Leichte Spinne: Ich hatte ne Rocksweeper mit ner 4000er Rolle dabei und jede Menge Casting Jigs um die 30-60g. gerade am Abend bzw. Nachts mit FluoJigs vom verankerten Boot kannst du gut Spaß haben.

Livebait/ Deadbait: Nimm das gröbste, dollste und stärkste was du kriegen kannst. Je nach Mondphase werden die Fische in der Nacht immer größer. Unsere Crew hat ja mit Handleinen mitgefischt. Die haben zur Dämmerung mit kleineren Fetzen angefangen und jede Menge Snapper und ähnliches gefangen. Dann war meist zwei Stunden Ruhe, wo die auch einfach Pause gemacht haben, weil die wussten das nix geht. Dann, so Richtung Mitternacht und später, wurden die großen Haken ausgepackt und ganze Bonitos bzw. Köpfe ca. fünf Meter über Grund angeboten. Da fing man dann auch keine kleinen Fische mehr und man konnte förmlich spüren, dass da unten jetzt Gruselstimmung herrschte. Die meisten Fische verloren wir, da wir diese selbst mit massivster Gegenwehr nicht vom Riff fernhalten konnten.
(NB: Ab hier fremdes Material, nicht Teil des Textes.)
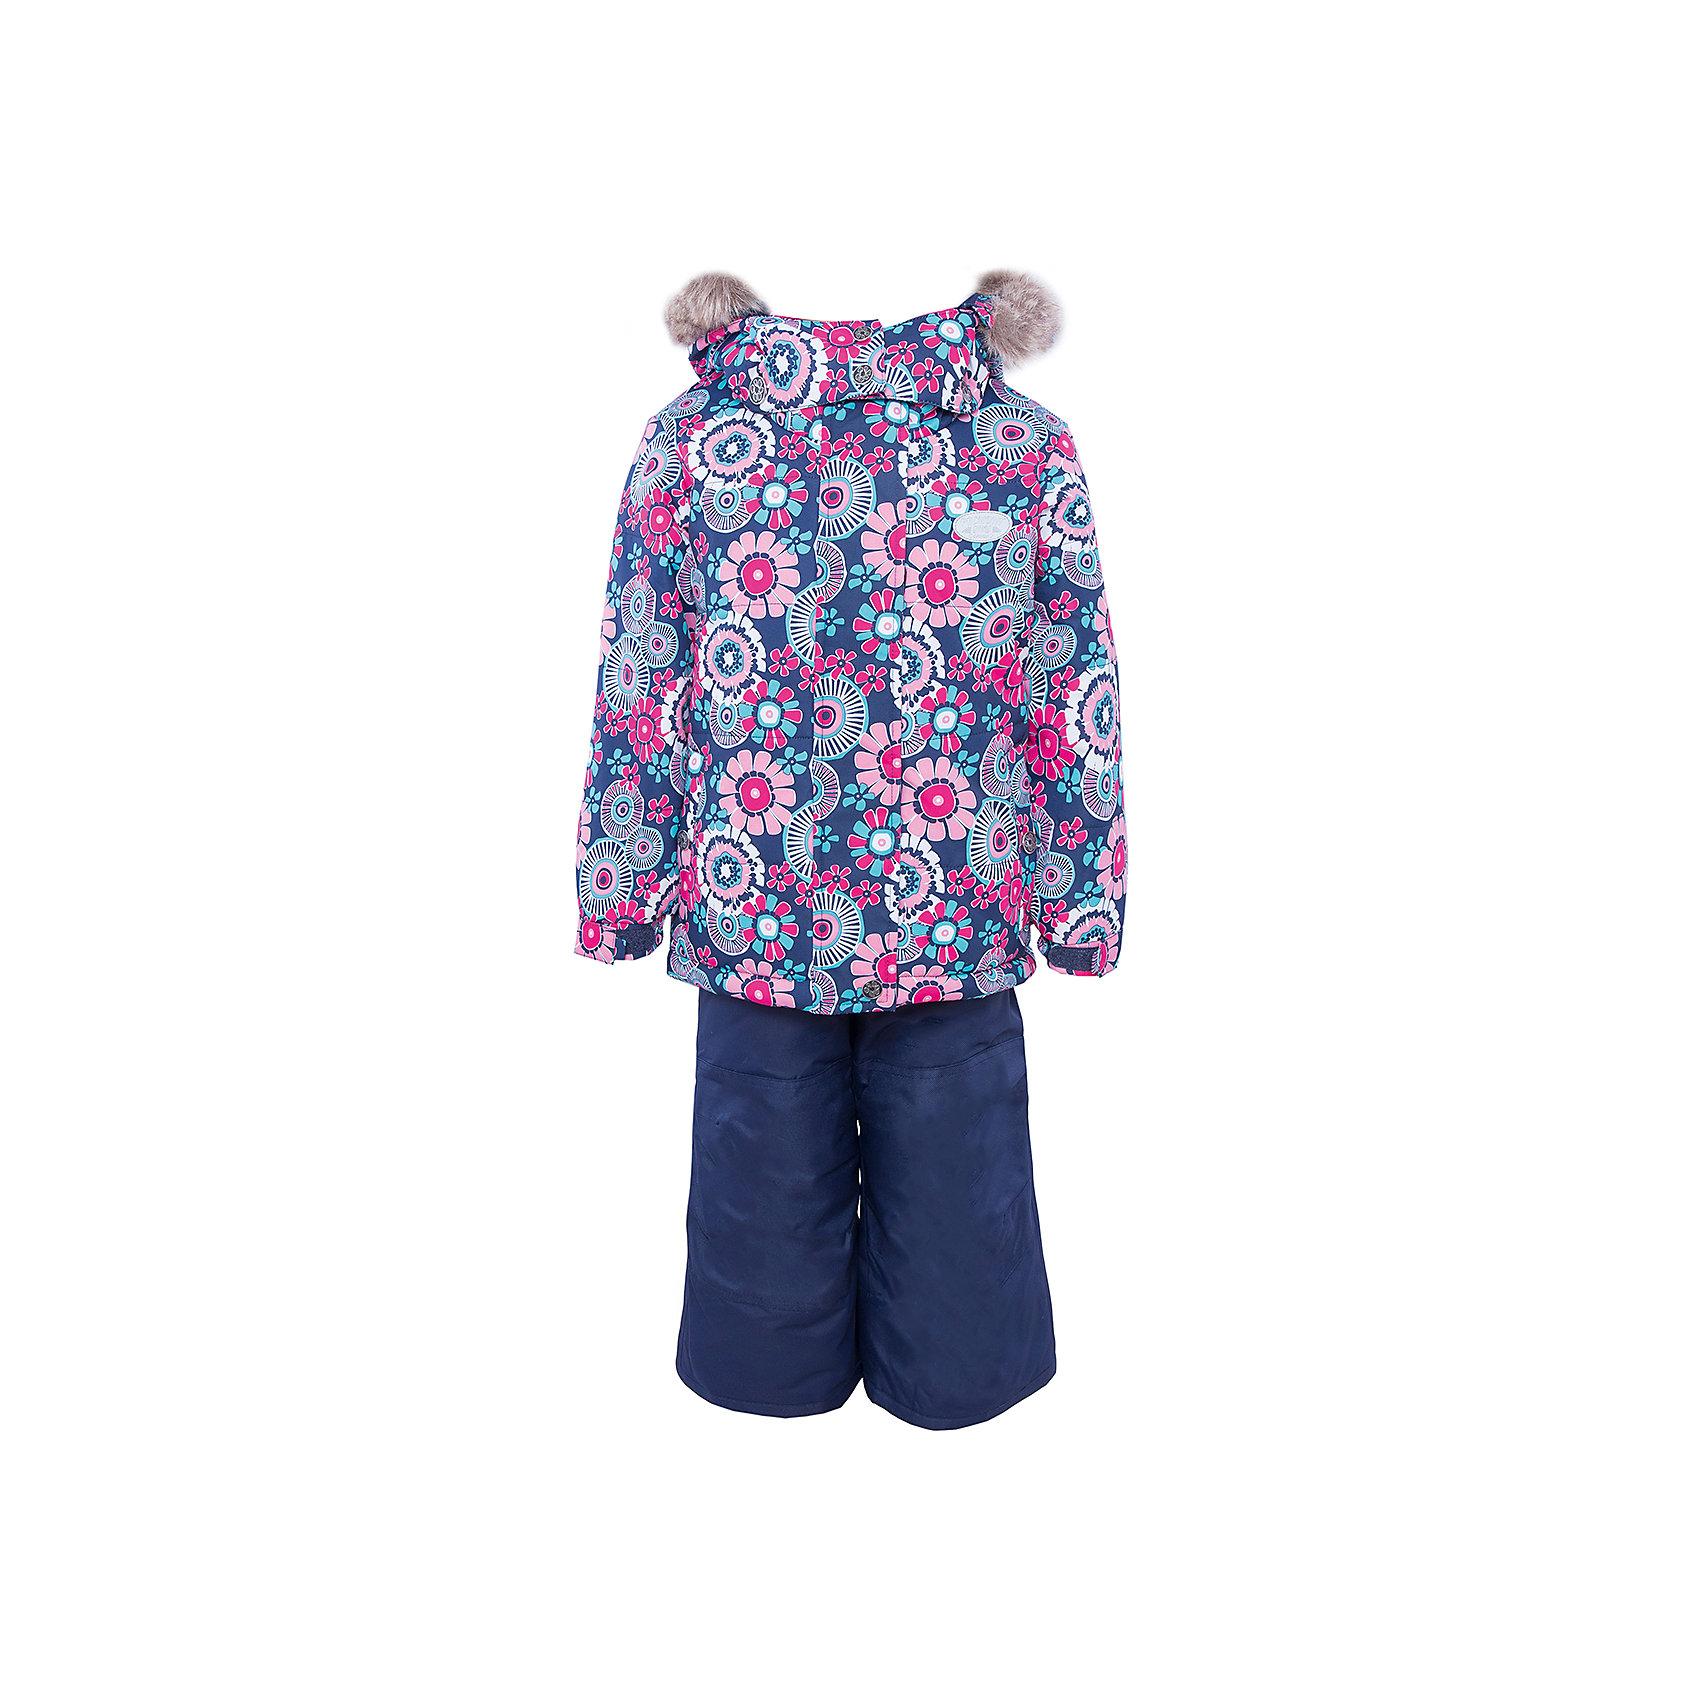 Комплект: куртка и брюки для девочки PremontКомплект: куртка и брюки для девочки от известного бренда Premont .<br>Принт «Виражи Wonderland» посвящен крупнейшему семейному парку развлечений Wonderland, который располагается в Дубае. Парк «Wonderland» - это настоящая страна чудес, где развлечения себе найдут дети любого возраста, от нуля и до бесконечности. С высоты птичьего полета множество ярких качелей, каруселей и аттракционов напоминают магические виражи.<br>Состав:<br>Ткань верха: мембрана 5000мм/5000г/м2/24h, Taslan<br>Подклад: Polarfleece (тело, капюшон, манжеты), TaTaffeta (брюки, рукава, снежная юбка) <br>Утеплитель: Tech-polyfill (куртка 280г, брюки 180г)<br><br>Ширина мм: 356<br>Глубина мм: 10<br>Высота мм: 245<br>Вес г: 519<br>Цвет: фиолетовый<br>Возраст от месяцев: 72<br>Возраст до месяцев: 84<br>Пол: Женский<br>Возраст: Детский<br>Размер: 120,128,116,110,104,100,98,92<br>SKU: 4996667
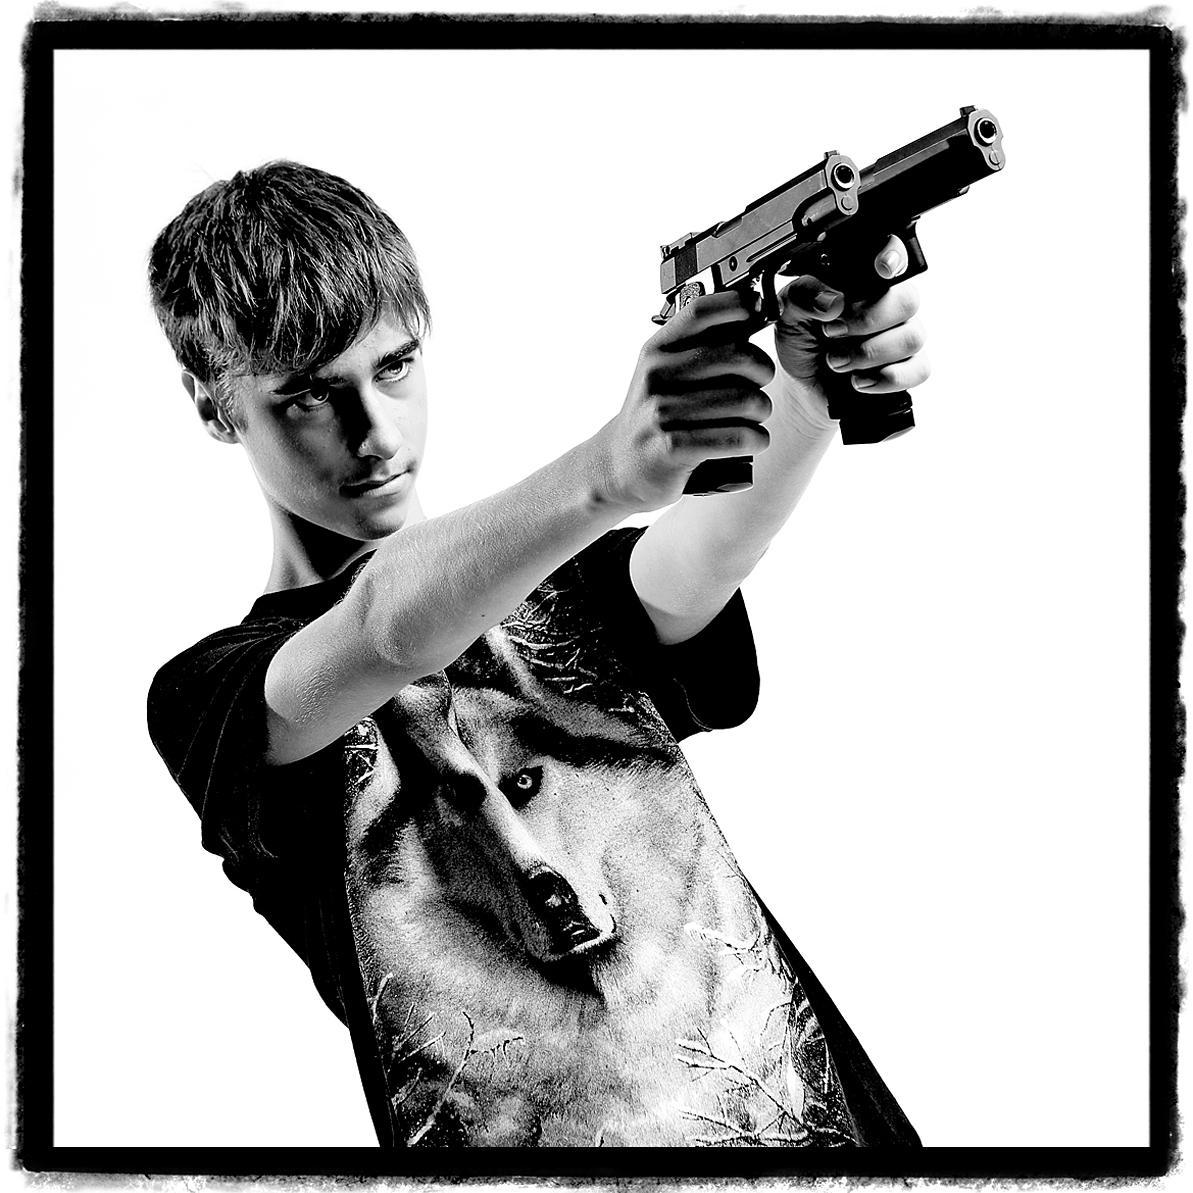 Gangsta No.1 - Creative portraiture by Julian Hanford

Hängt IMMER, bei jeder Pause, ne Ballonrute mit großem totem Köfi raus. Die größten GT´s, Barras, Sails und Haie werden auf Naturköder gefangen. Den Ballon soweit wie möglich abtreiben lassen.

Grundsätzlicher Hinweis: Das rote Meer kann fies sein. Der Wind kommt in 95% aller Fälle aus Norden, was dazu führt, dass sich massive Wellen aufbauen. Nehmt euch Scopamin-Pflaster oder ähnliches mit. Nix ist schlimmer als fünf Tage auf nem Kahn fest zu hängen und dabei seekrank zu sein. Wind und Mondphase werden euren Erfolg massiv beeinflussen. Neumond und Vollmond sind super, da dann auch eine spürbare Tide einsetzt.
Unterschätzt nicht die Temperatur im Januar. Es wird bei entsprechendem Wind recht frisch, gerade nachts. Vor zwei Jahren hats in Hurghada sogar mal kurz geschneit. Schnorcheln ohne langen Neo kannste vergessen.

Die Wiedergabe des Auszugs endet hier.